Auditory Event-Related Spectral Perturbations in Children with and without ASD
Sensory atypicalities are well established in ASD and represent core diagnostic criteria (APA, 2013). Although the neurobiological underpinnings of these features are not well defined, there is consensus that they show bidirectional influences on perceptual systems throughout development.
Previous studies have explored the associations between EEG activity and sensory response patterns in ASD. The electrophysiological signatures of sensory processes are observed in both the alpha (8-12Hz) and gamma (30-60Hz) bands. Gamma activity has been reported during a variety of early sensory responses and facilitates sensory processing (Skinner et al., 2000; Singer & Gray, 1995). Increased gamma power in ASD was associated with lower P50 suppression, suggesting ineffective inhibitory control (Orekhova et al., 2008). Alpha activity had been implicated in sensory gating (Klimesh et al., 2007). In High-Risk infants, reversed alpha asymmetry was associated with increased sensory seeking (Damiano-Goodwin et al., 2018).
(1) Examine between group (ASD vs. TYP) differences in EEG event related spectral perturbations (ESRP) during an auditory mismatch negativity paradigm; (2) Explore associations between parent-reported sensory response patterns and ESRP activity in children with ASD.

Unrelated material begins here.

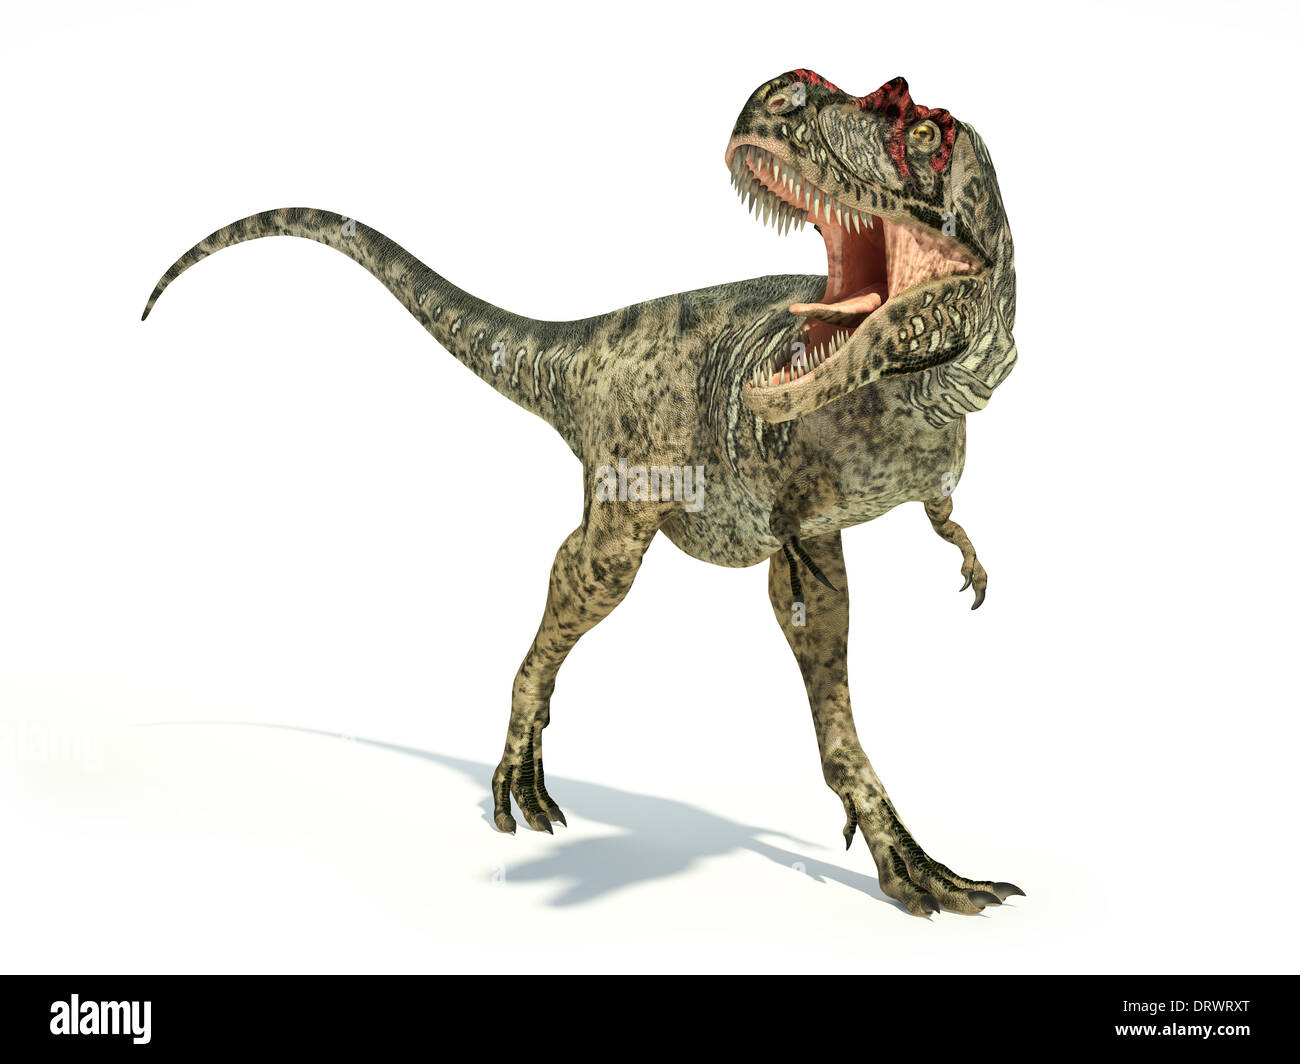 L'Albertosaurus Dinosaure, photo-réalistes et représentation scientifiquement correcte, dynamique posture. Sur fond blanc. Banque D'Images

We present findings from 31 children (16 ASD) ages 5-11. A larger sample (N = 60) is anticipated by Spring 2019. Parents completed the Sensory Experiences Questionnaire (Baranek, 2006). Participants watched a silent video while standard and novel sounds (7%) played in the background. EEG was recorded via a 12-channel Electro Cap at 500Hz with Neuroscan and band-pass filtered (0.15Hz – 70HZ) online. Offline EEG processing used EEGLAB (Delorme & Makeig, 2004). ESRP from -200-500ms around novel sounds at electrode Cz was measured, based on previous research (Donkers et al., 2013). We explored the association between SEQ patterns and ESRP in the gamma range and examined other spectral bands.
Low gamma activity was enhanced from baseline (150-300ms) in ASD compared to controls. Theta activity (4-8Hz) was reduced (0-400ms) in ASD compared to TD controls (Figure 1). There were no associations between ERSP and SEQ patterns, though peak theta and peak low gamma were negatively correlated (r = -.63, p = .03).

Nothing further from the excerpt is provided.